Nonlinear bending of elastically restrained functionally graded graphene nanoplatelet reinforced beams with an open edge crack

This paper investigates the nonlinear bending behaviours of multilayer functionally graded graphene nanoplatelet-reinforced composite (FG-GPLRC) beams elastically restrained at both ends and with an open edge crack. The GPLs are uniformly distributed in each individual layer but follow a layer-wise variation along the thickness direction. The effective Young's modulus is predicted by the modified Halpin-Tsai micromechanics model while both the thermal expansion coefficient and Poisson's ratio are determined by the rule of mixture. The finite element method is employed to discretize the edge cracked beam, with a particular focus on the influences of the location and depth of the open edge crack on the nonlinear bending deflections of FG-GPLRC beams.

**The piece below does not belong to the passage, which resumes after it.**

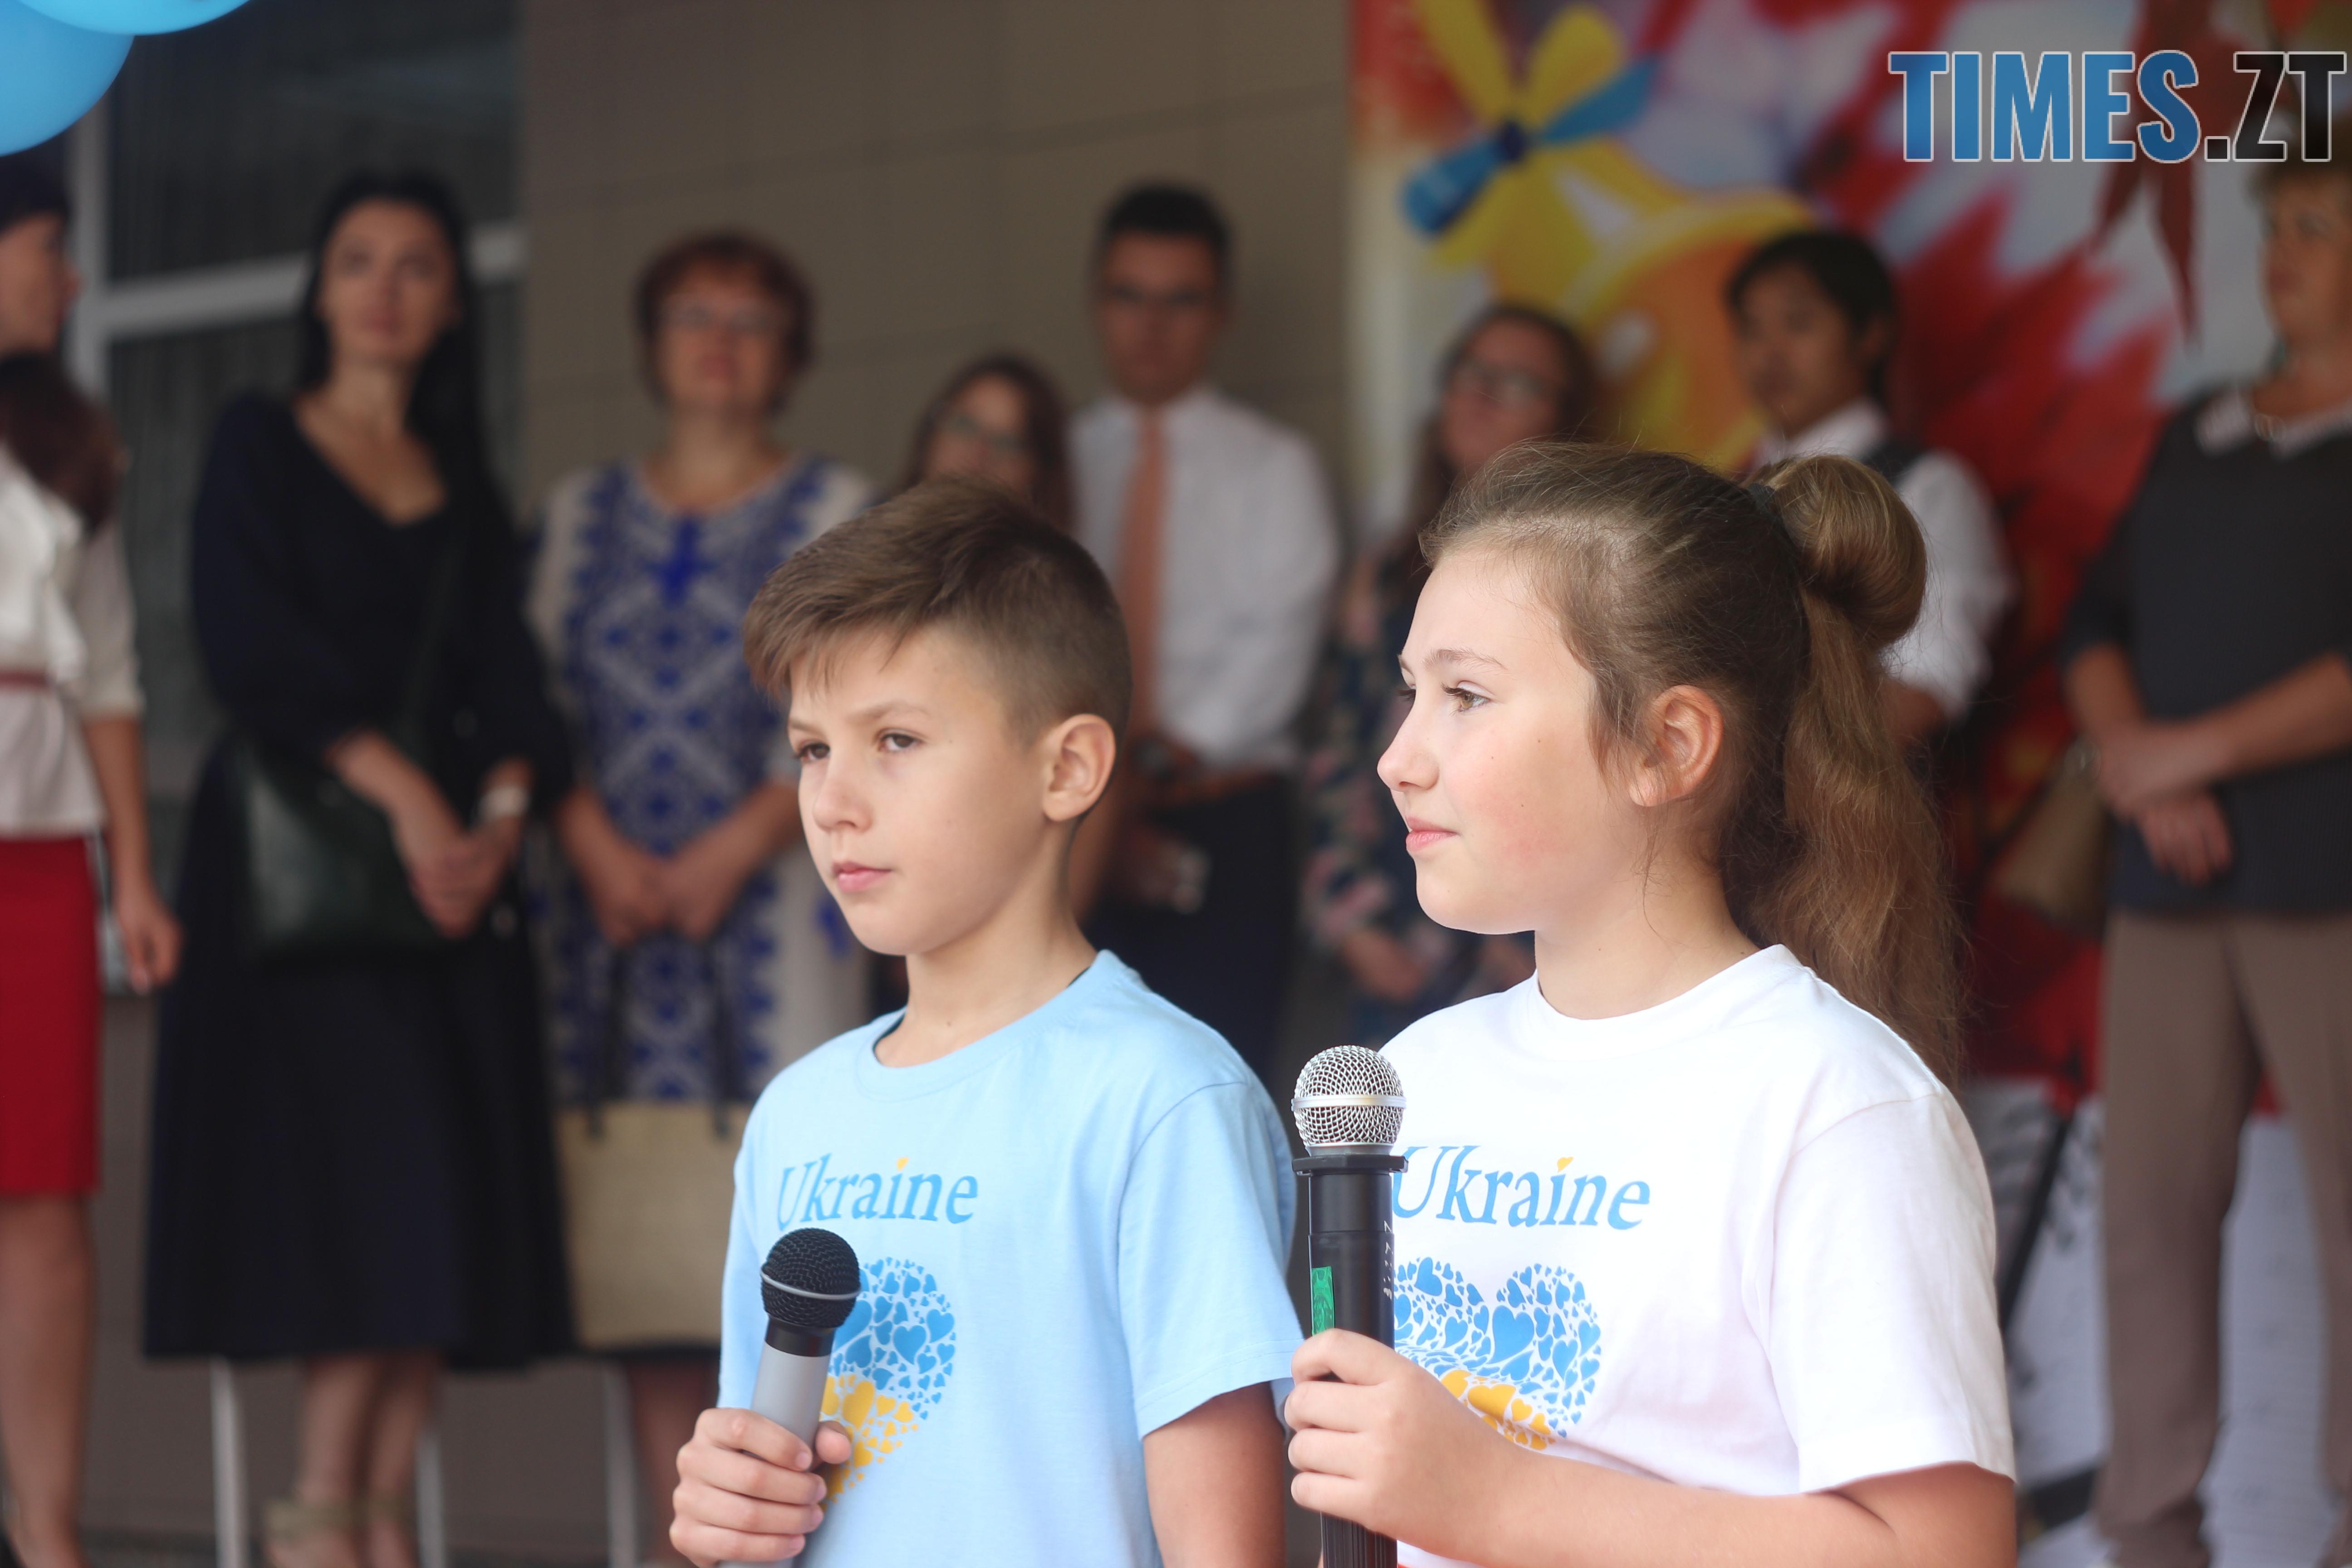 IMG 8763 - Майже 4 тисячі житомирських першокласників навчатимуться за системою Нової української школи (ФОТОРЕПОРТАЖ)

It is found that adding a higher content of GPLs into the matrix, dispersing more GPLs near the top and bottom surfaces of the beam and increasing the elastic stiffness of the end constraints can effectively strengthen the beam stiffness hence considerably reduce the deflection. An increase in the crack depth ratio (CDR) and temperature rise weaken the structure and consequently lead to bigger deflections. The nonlinear bending performance of the beam is also found to be highly sensitive to the location of the crack.